The shawarma place is more convenient: steps away from home, buses stop right at it, and it's a much smaller environment than the mall food court, so the chances of a girl getting caught are pretty slim unless she's from my immediate neighbourhood. But I prefer not eating, because it could tie us up longer, she may not feel like eating, and it's a bit of a bait-and-switch when the idea I presented was coffee. It's not much of a coffee place, either.
There's also a family-run diner place an 0.3mi/0.5km walk, and they do have coffee but the place is often busy and not very private, although the chances of the bulk of the people in there knowing her are pretty slim I'd say. But it seems strange going to a family diner for coffee when there are coffee shops all over the place. (Just not a very short walk from me, UGH!)
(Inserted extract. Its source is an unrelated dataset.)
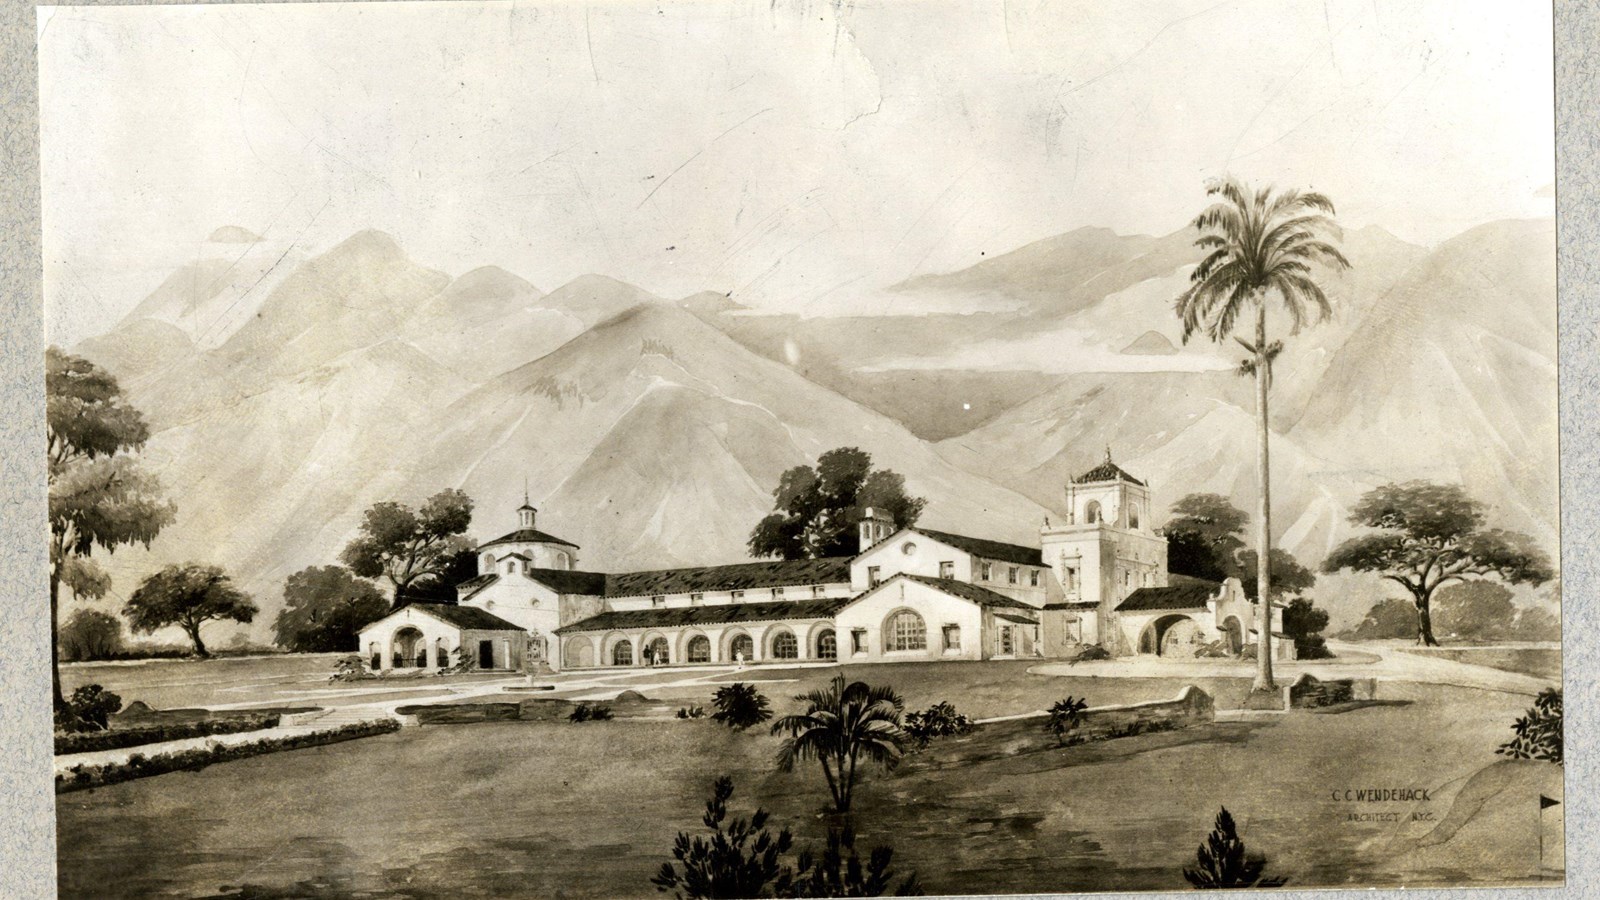 Pencil drawing of large white building with palm trees around and mountains in background.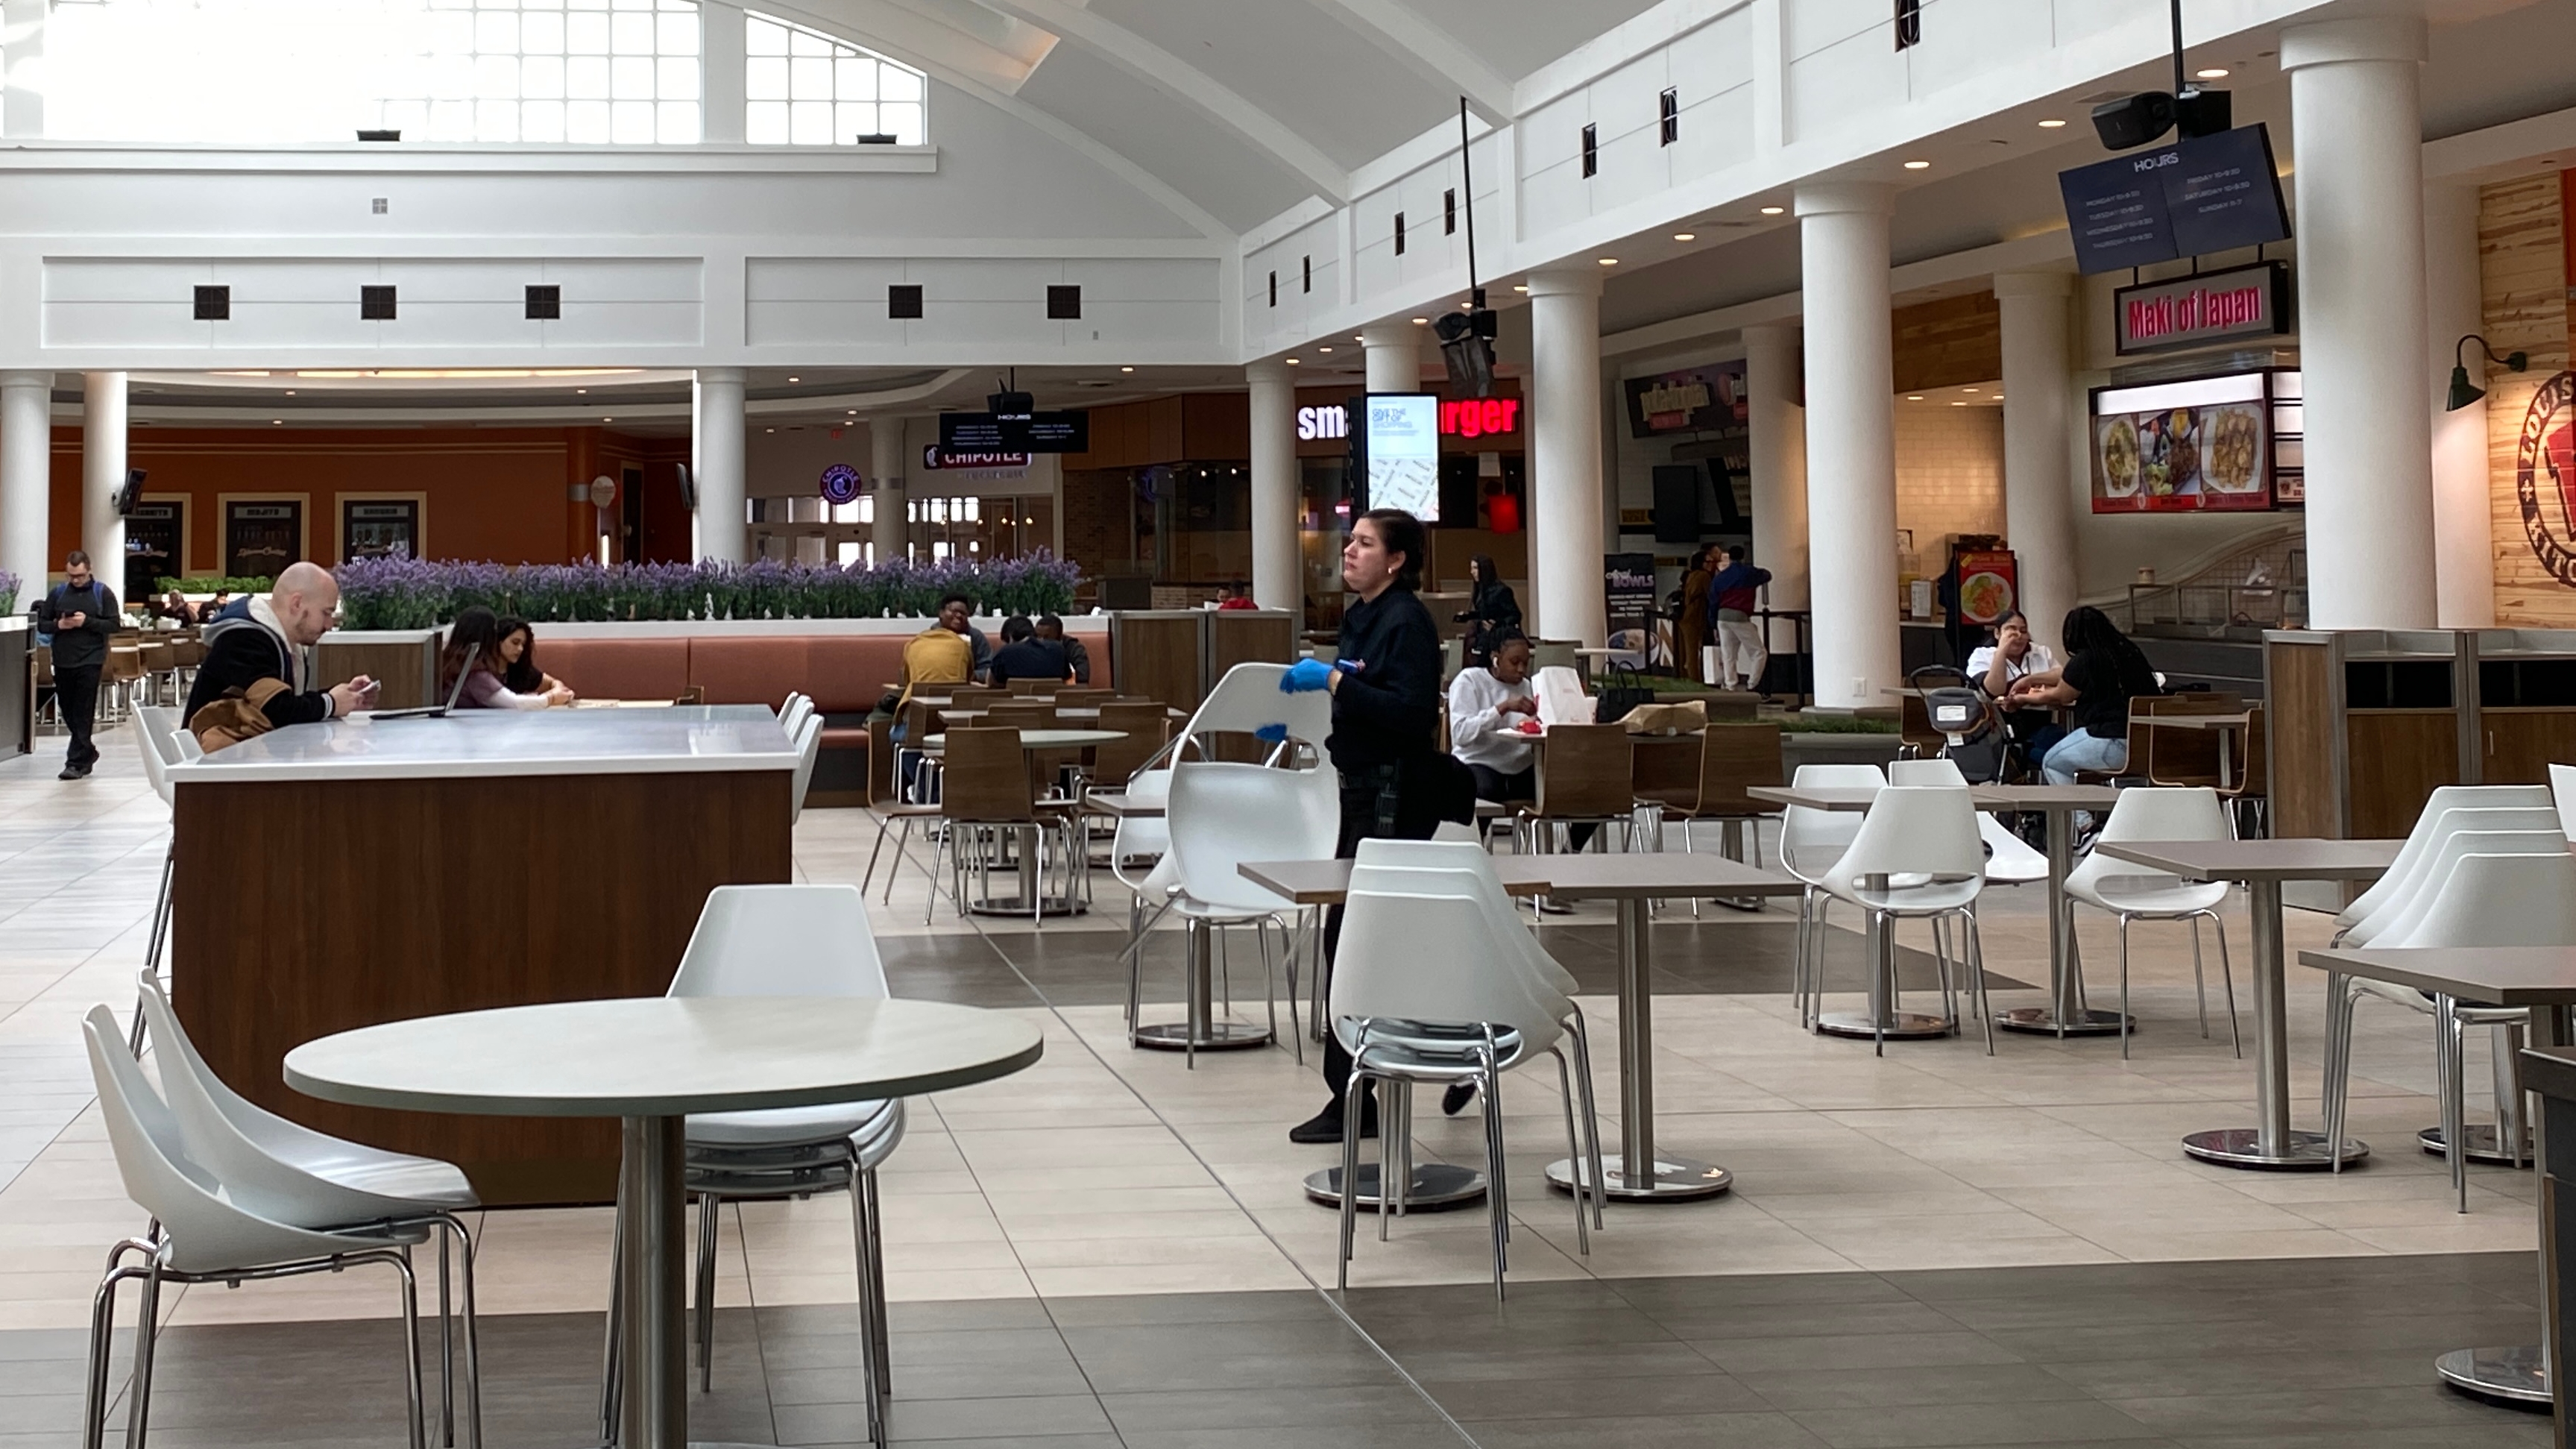 Mall shoppers may soon be able to order food court delivery

And then there's how the girl gets home. I'm a 1.4mi/2.2km walk from a station from which she can catch a train to rendezvous with her car in Littleton. But it's almost a mandatory walk, because the bus routes required to do it would be much more indirect (two buses totalling 2mi/3.2km, about a half-hour counting the two waits). The walk cuts through some small streets so I'd be best to walk her there.
My biggest concern is timing. She might not even get to my area until 4:30-5pm. So it could be 5:30pm before I even put out the idea of coming over, and 5:45pm before we get there, and she's going to be well aware of the added time required to get to a train station after. Ordinarily, I would consider this ok, but this girl is married, so I don't know what kind of time constraints she's operating under. It could be that she'll readily make up an excuse to get home as late as she feels like. Or it could be that she's expecting to just do a brief meet and then find her way straight home early enough to not arouse suspicion.
Another option would be to meet her near her work and then take an Uber to my home with her. That's about a half-hour drive maybe, but I'm not sure how long an Uber would take to show. And that still doesn't necessarily buy enough time if she had assumed it was just a short meet.
Ideally, she knows what this is about and is not going to schedule something that isn't going to work time-wise. Indeed, science says that she's quite likely to want sex with a man other than her husband, but she's not necessarily aware of this consciously, so I can't necessarily trust her to do the right thing and make sure we have plenty of time.
Thus my main question: is there some way I can screen for meet opportunities having enough time? I'm almost tempted to write her, "when do you have to be home on X?" Hahahaha, but that's a little too bait, no?! Or do I just go in blind on the pretence of meeting for coffee and hope she'll stretch the time as needed?